### Given material
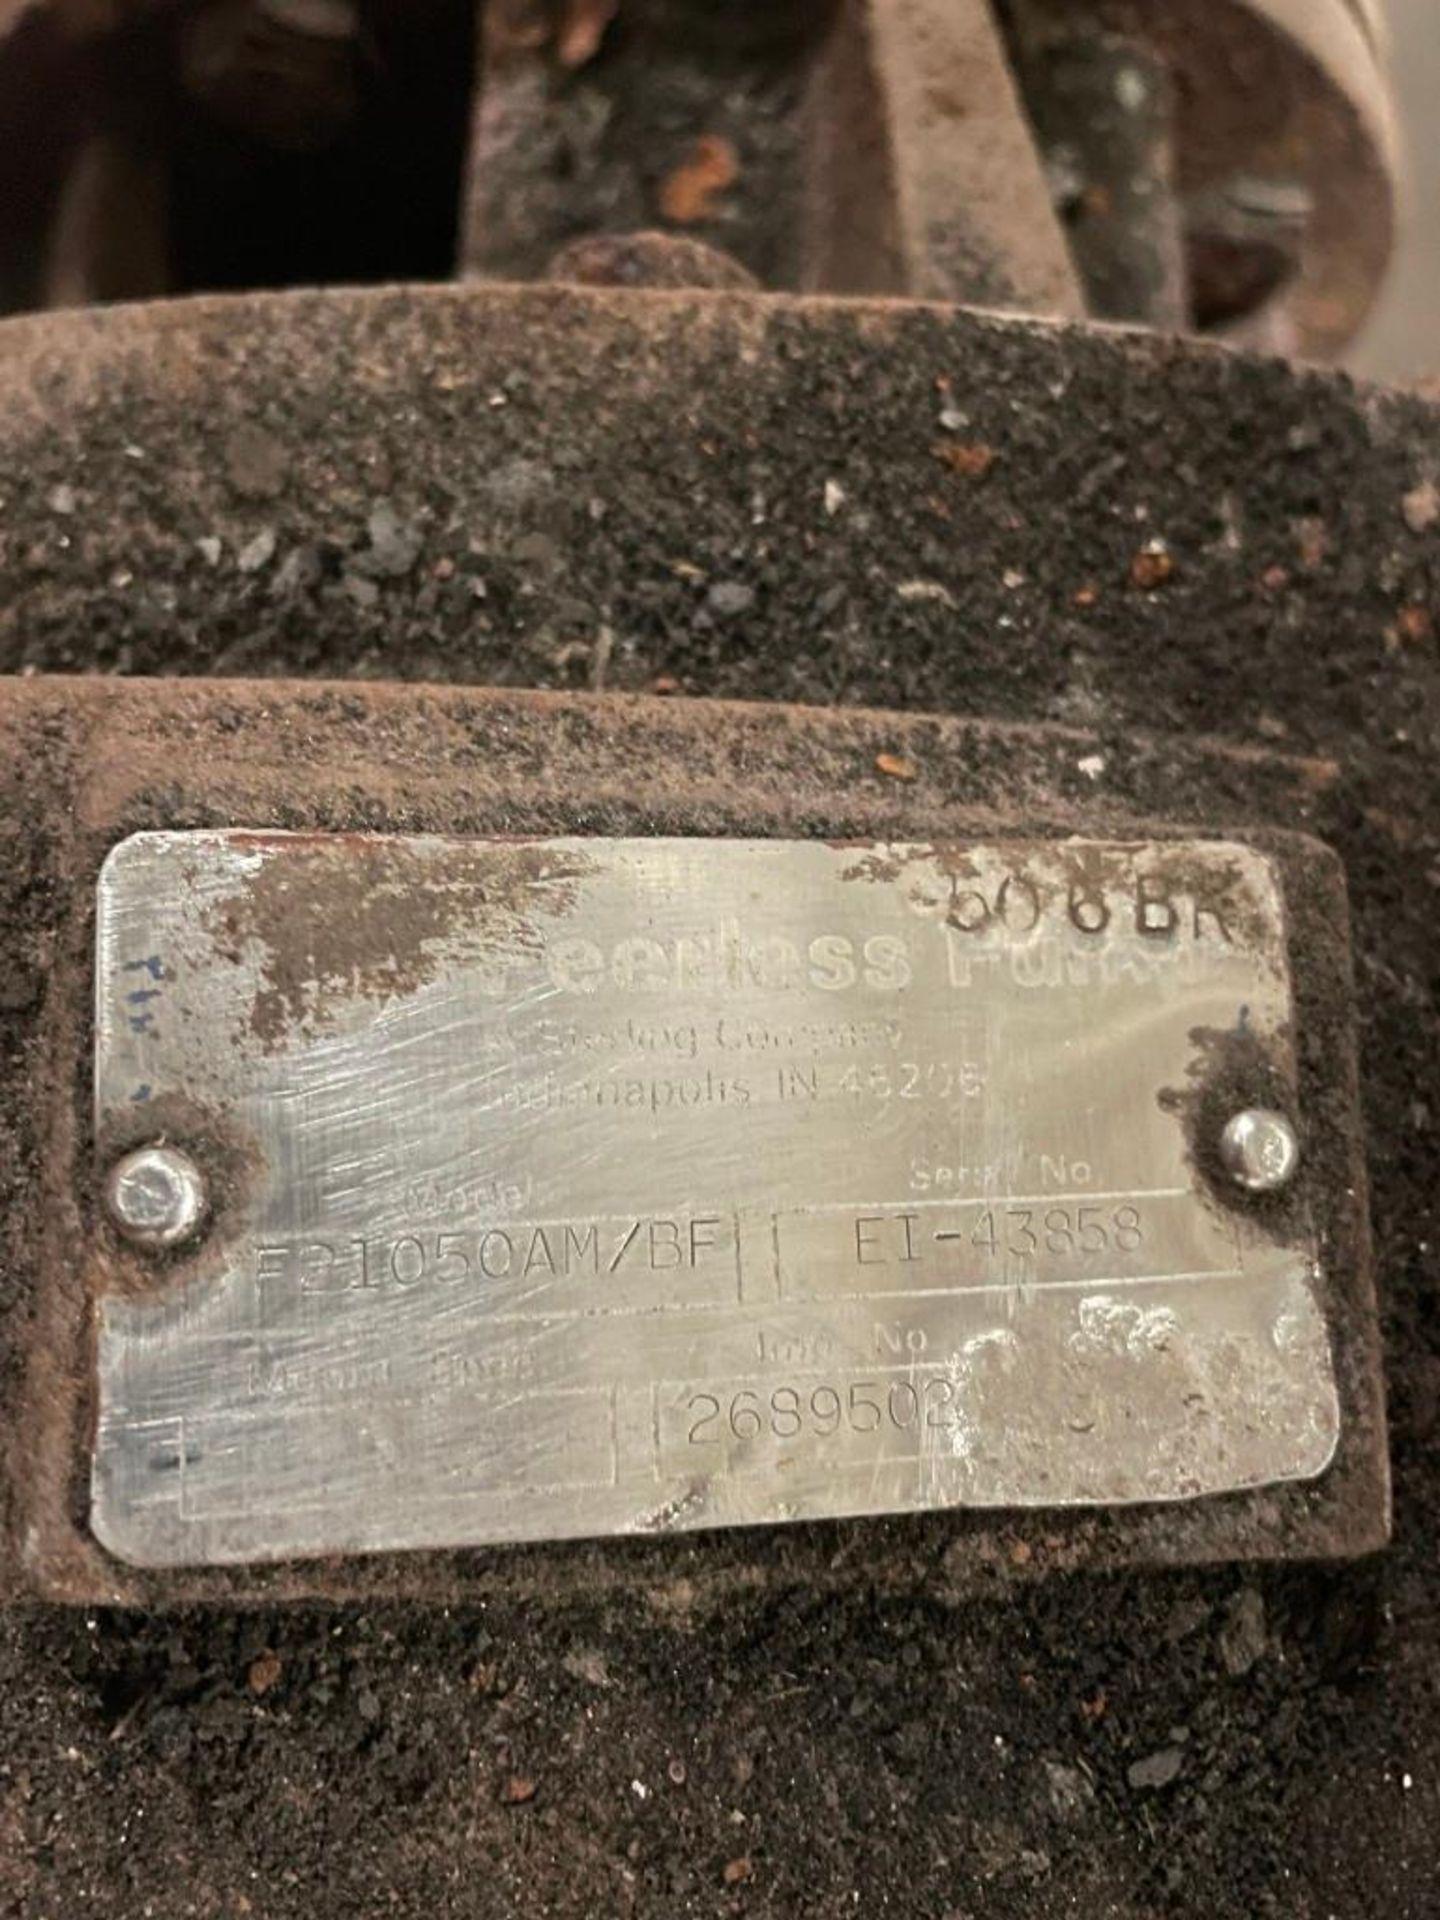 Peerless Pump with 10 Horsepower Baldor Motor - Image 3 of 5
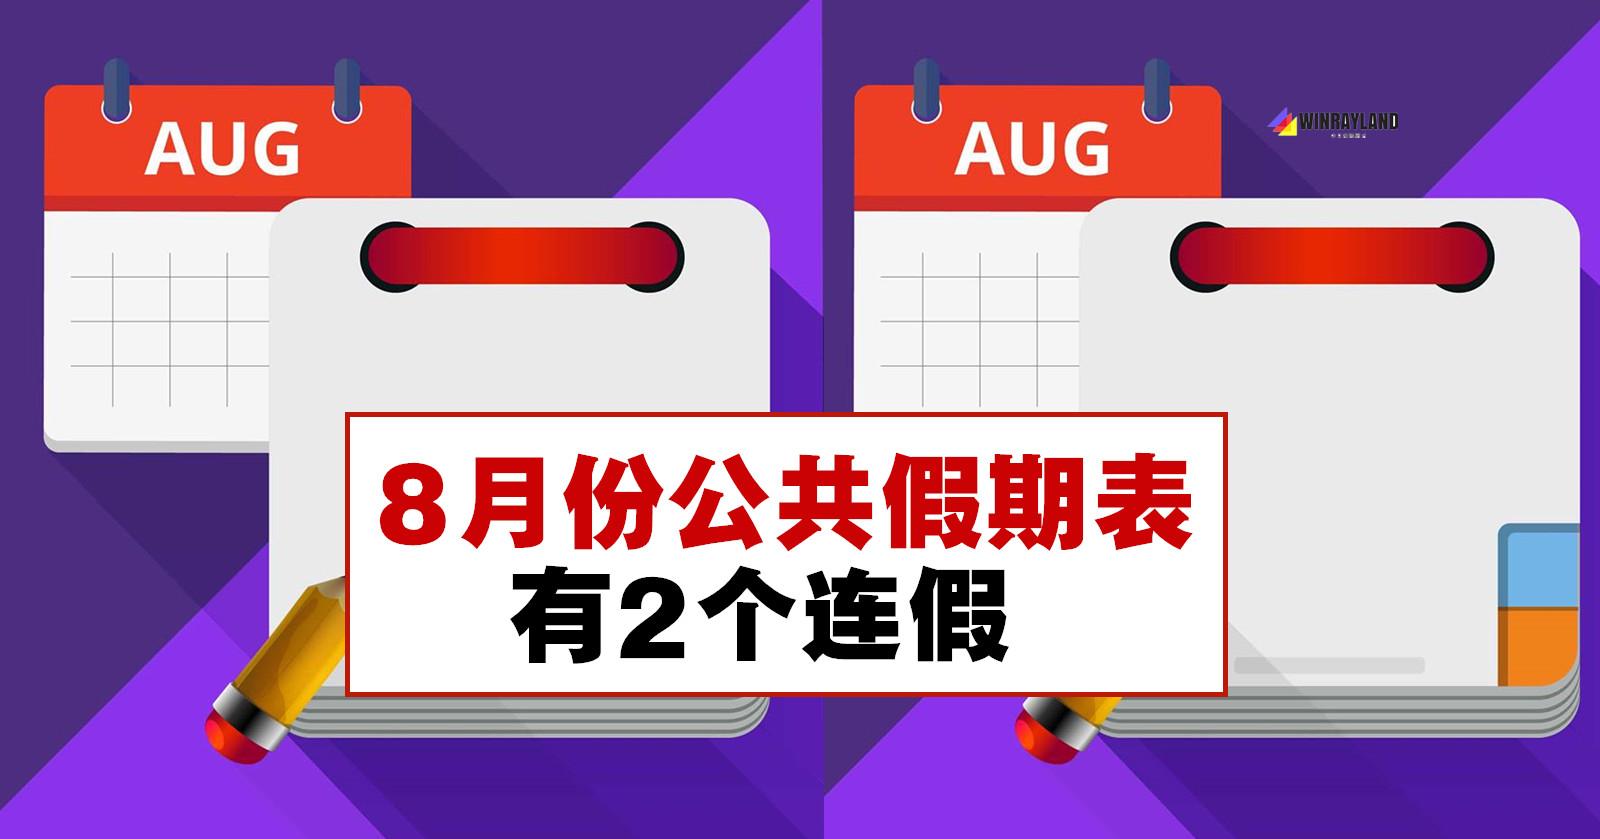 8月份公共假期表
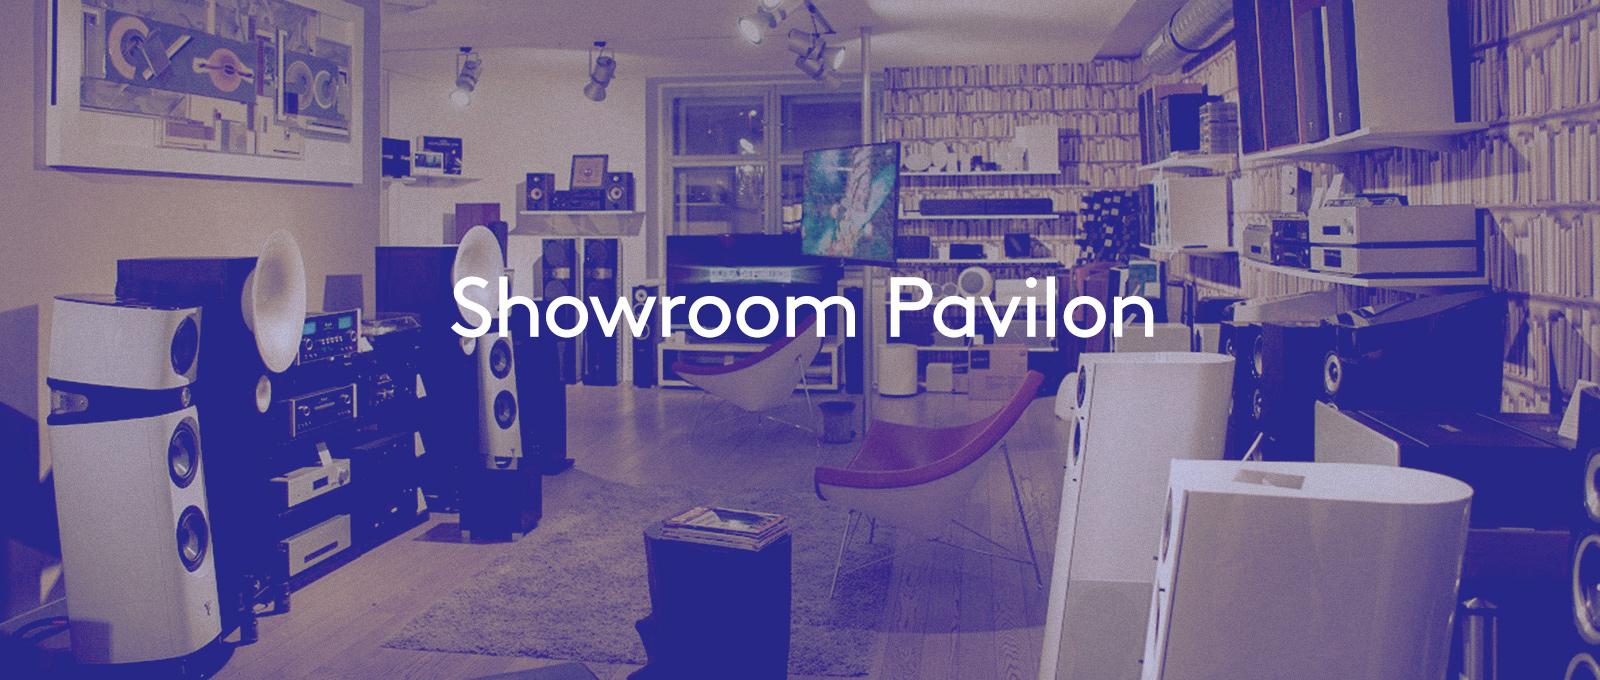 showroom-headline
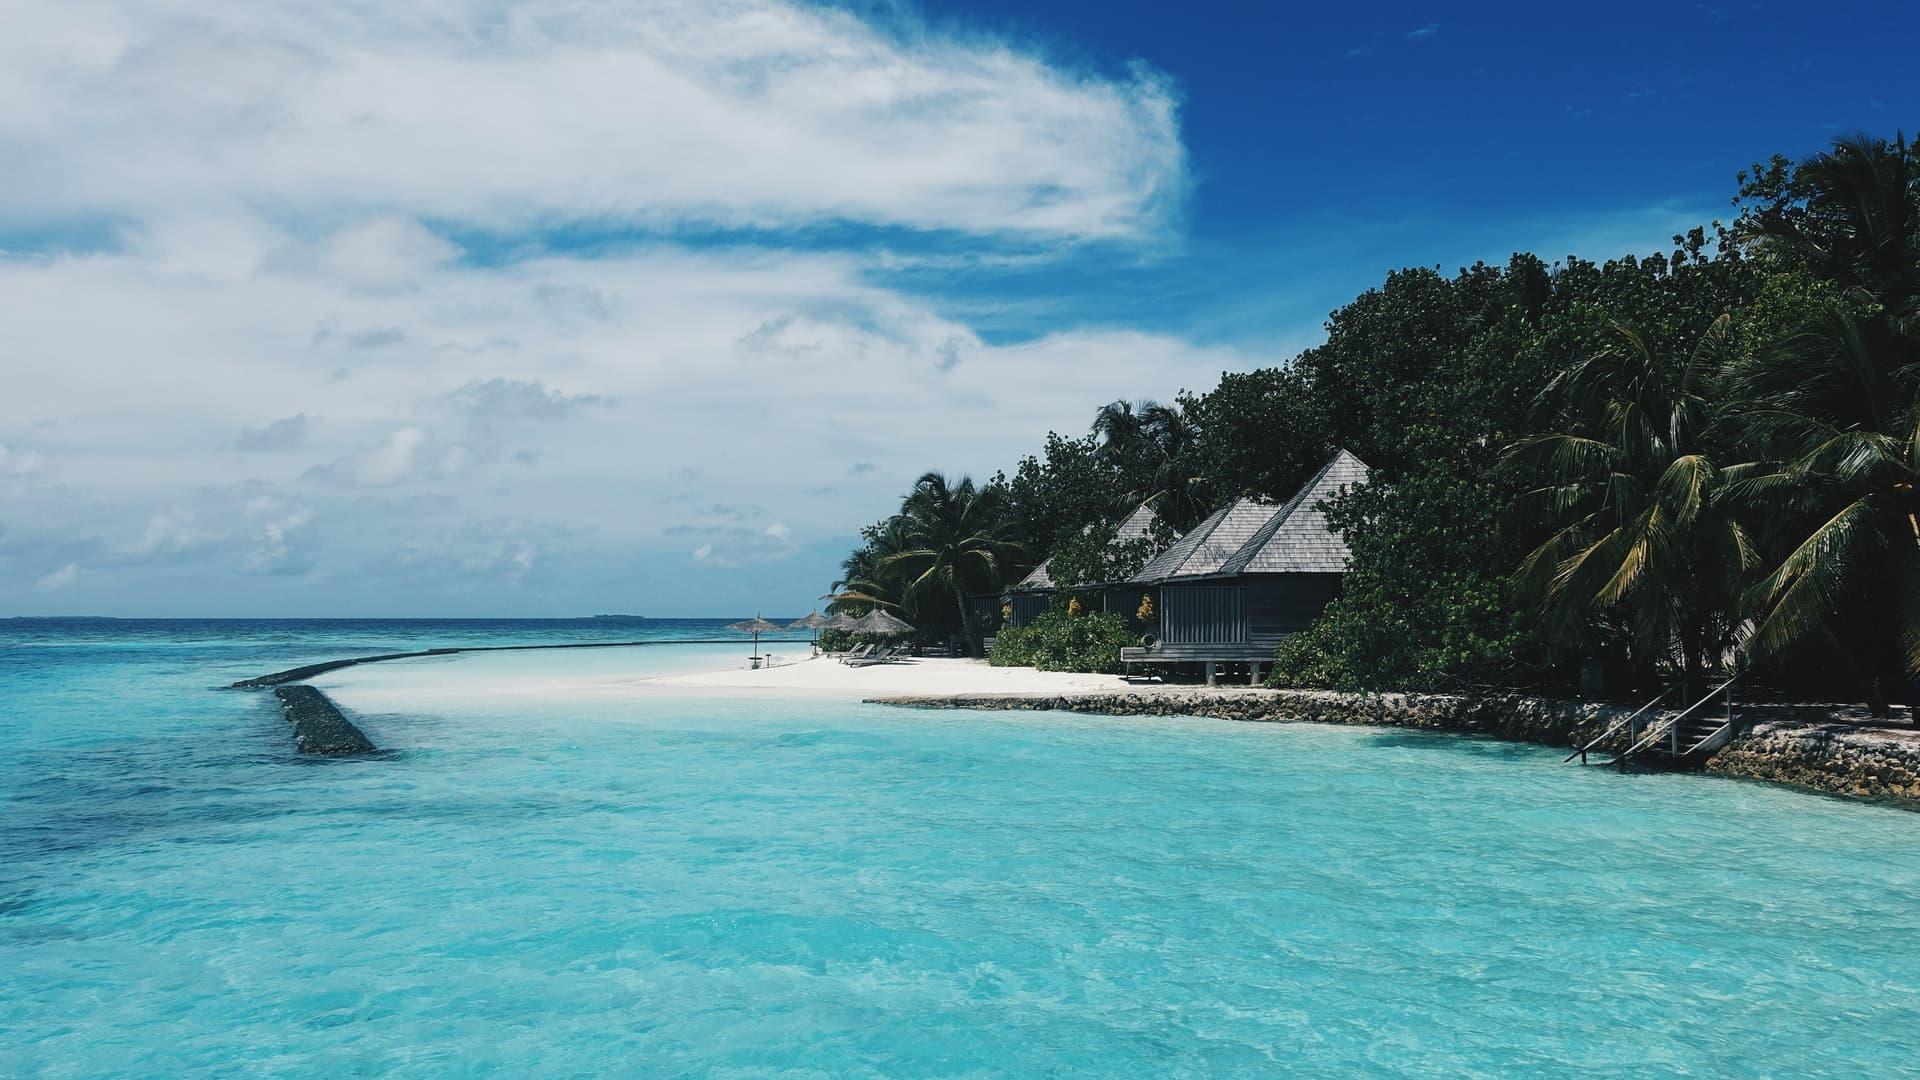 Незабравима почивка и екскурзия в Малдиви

### Exercise instructions
Only the text of the material belongs in your copy, which must match the original exactly.

### Problem solution
 Peerless Pump with 10 Horsepower Baldor Motor - Image 3 of 5
 8月份公共假期表
 showroom-headline
 Незабравима почивка и екскурзия в Малдиви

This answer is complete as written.